Maura McCann, a spokeswoman with the New Hampshire Lottery Commission, tells NPR that the state's Right to Know law allows them to reveal the identity of the person whose name is written on the ticket. But a loophole would let the winner's identity be shielded if the name of a trust is written on the back of the ticket instead. The trustee's name would then be the one to be released, and that could be anybody, including a friend or a lawyer, McCann says.
But now that the woman has already signed the ticket, it appears to be too late to have a trust collect the winnings.
Steven Gordon, the woman's attorney, asked if she could white out her name and replace it with the name of a trust, reports The Union Leader, but lottery officials told her any change would invalidate the ticket and she'd lose her winnings.
"The New Hampshire Lottery understands that winning a $560 million Powerball jackpot is a life-changing occurrence," New Hampshire Lottery Executive Director Charlie McIntyre said in a statement. "While we respect this player's desire to remain anonymous, state statutes and lottery rules clearly dictate protocols."
In the complaint, Gordon argues that privacy is deeply important to the longtime New Hampshire resident, who wants to use the trust to give a portion of her winnings to charity while remaining "a silent witness to these good works," reports The Union Leader.

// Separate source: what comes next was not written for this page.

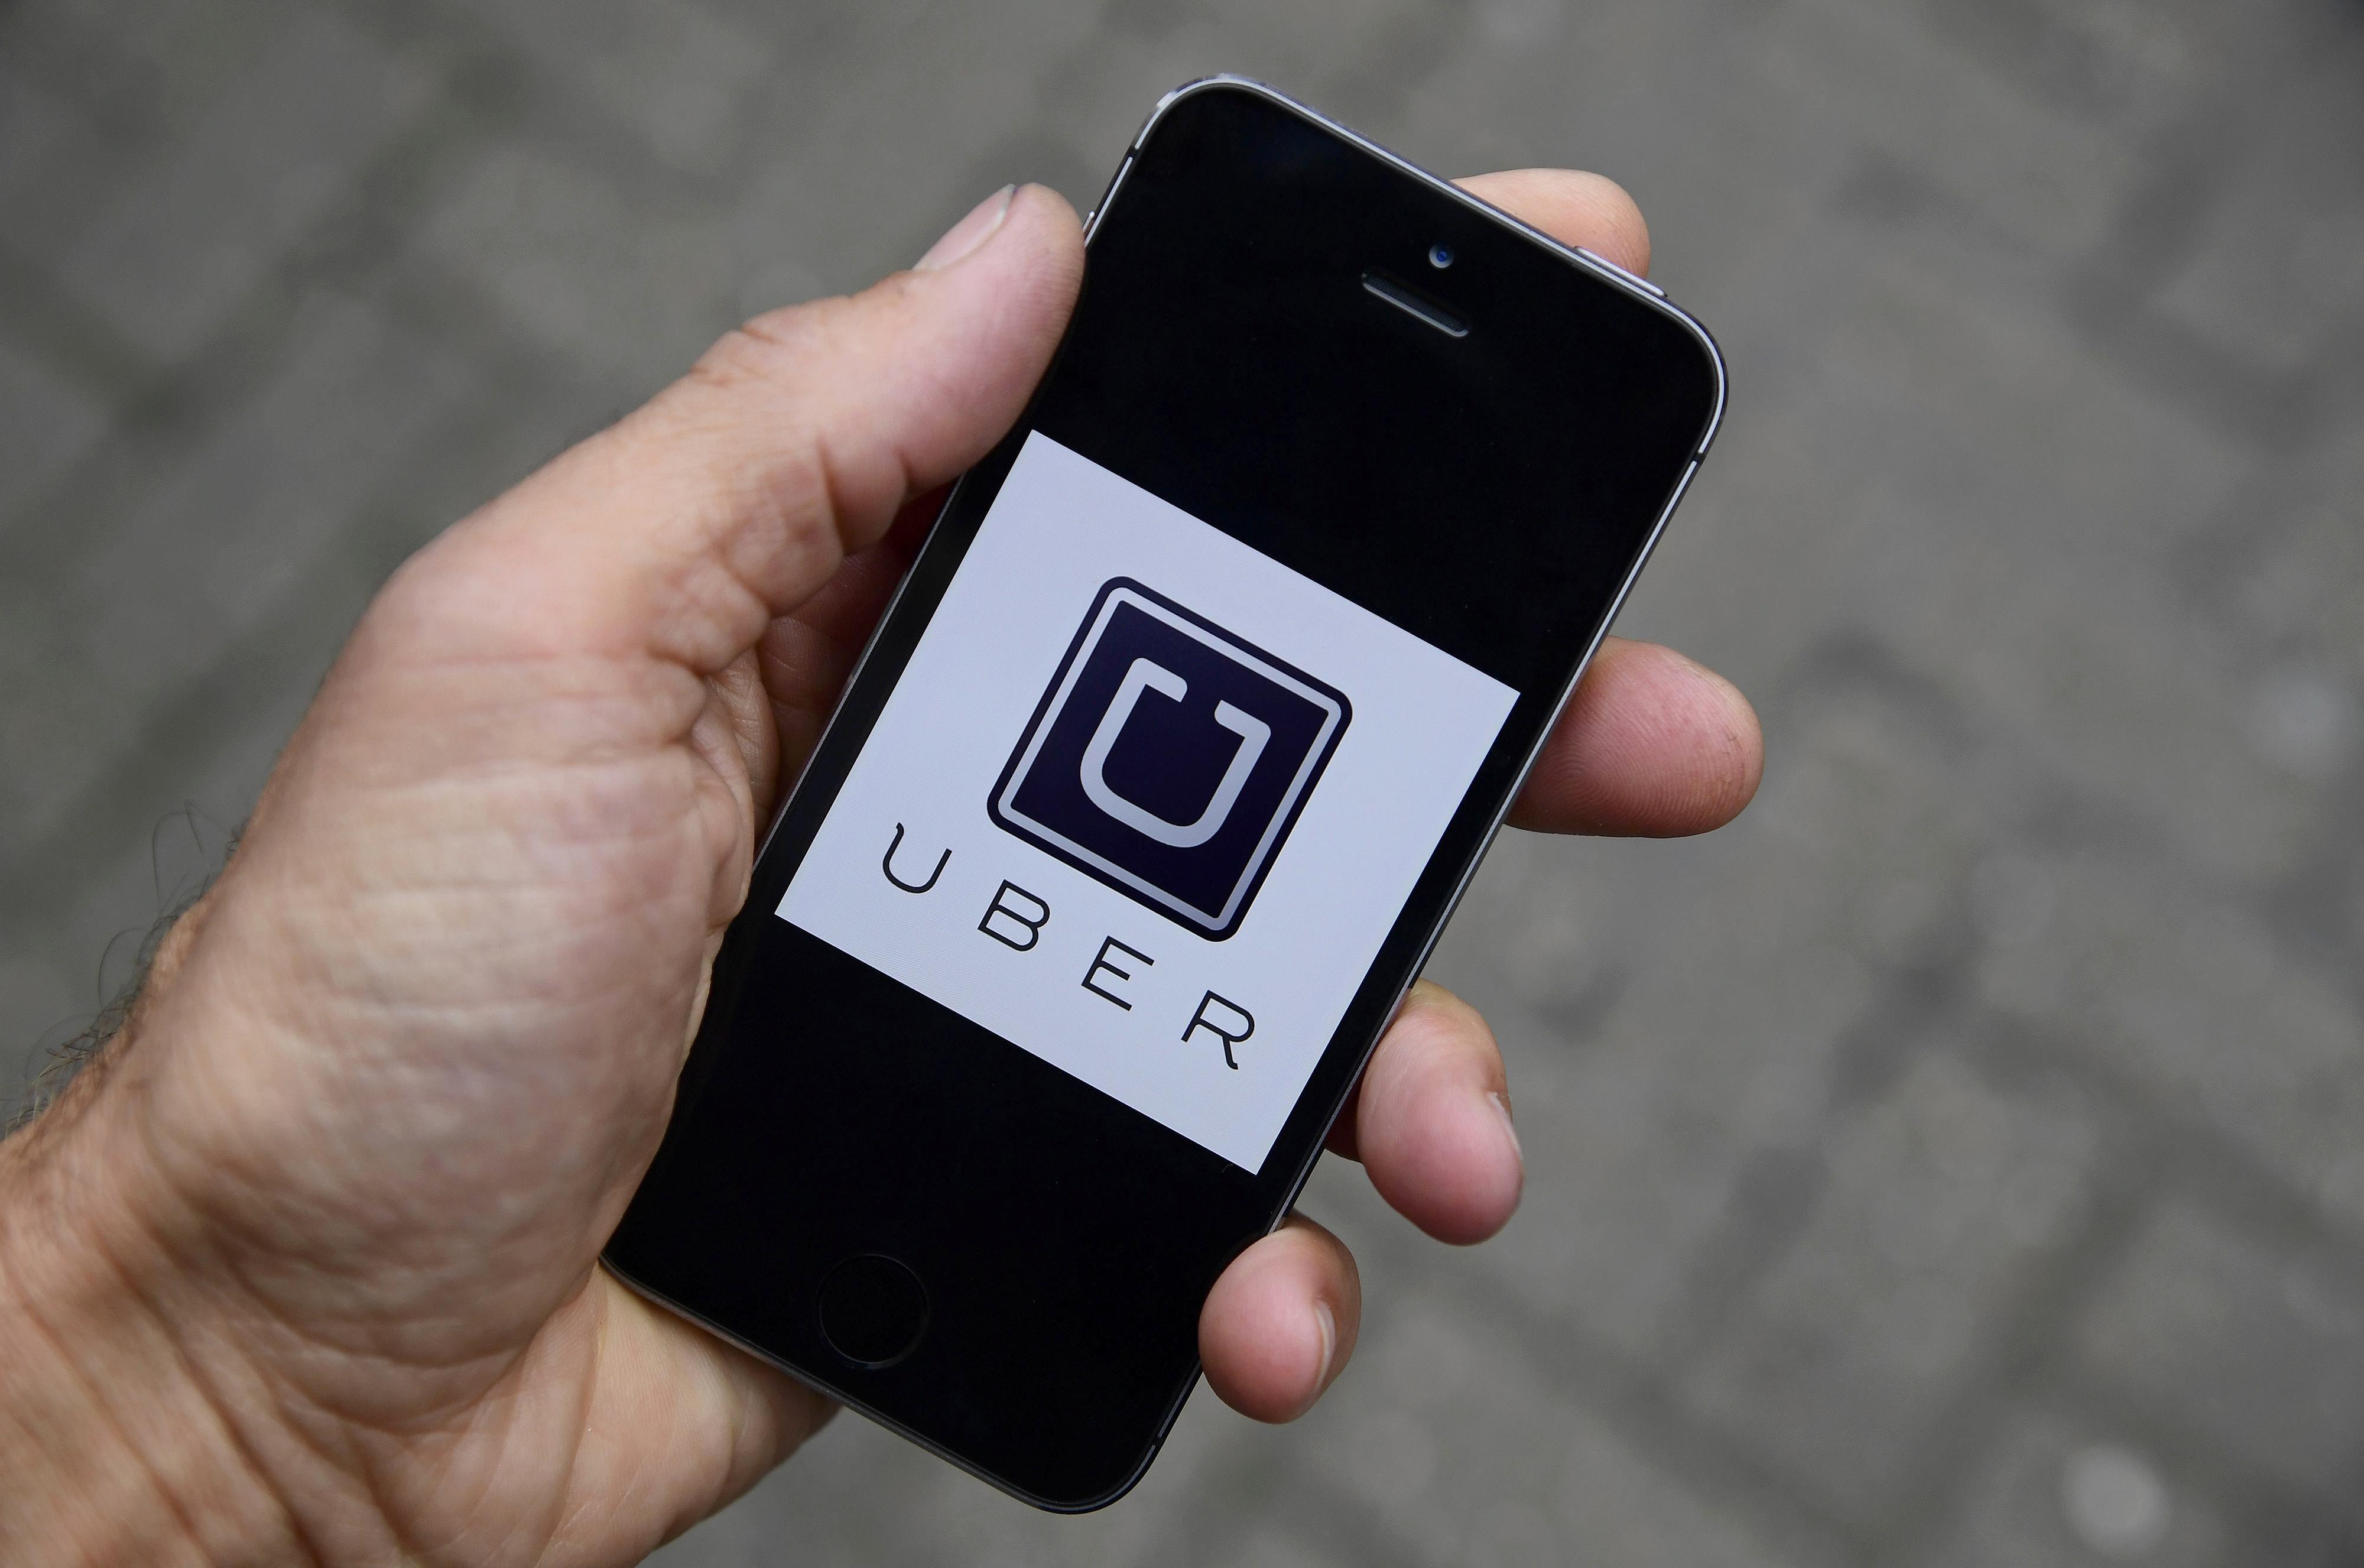 A photo illustration shows the Uber app logo displayed on a mobile telephone, as it is held up for a

Gordon calls her "an engaged community member" who "wishes to continue this work and [keep] the freedom to walk into a grocery store or attend public events without being known or targeted as the winner of a half-billion dollars."

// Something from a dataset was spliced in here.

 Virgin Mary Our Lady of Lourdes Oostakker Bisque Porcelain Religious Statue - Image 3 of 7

His firm says it also represented another Powerball winner who won a $487 million prize in 2016 but remained anonymous by claiming the prize through the "Robin Egg 2016 Nominee Trust," with his lawyer serving as its trustee.
In a blog on the law firm's website, posted two days after the 2018 drawing, attorney William Shaheen advised the latest winner not to sign the ticket.
"Once you are outed, it can be overwhelming," Shaheen wrote. "If you like your life and you like your friends, choose anonymity. If you don't, things will change."
New Hampshire lottery rules state unclaimed Powerball prizes expire after one year.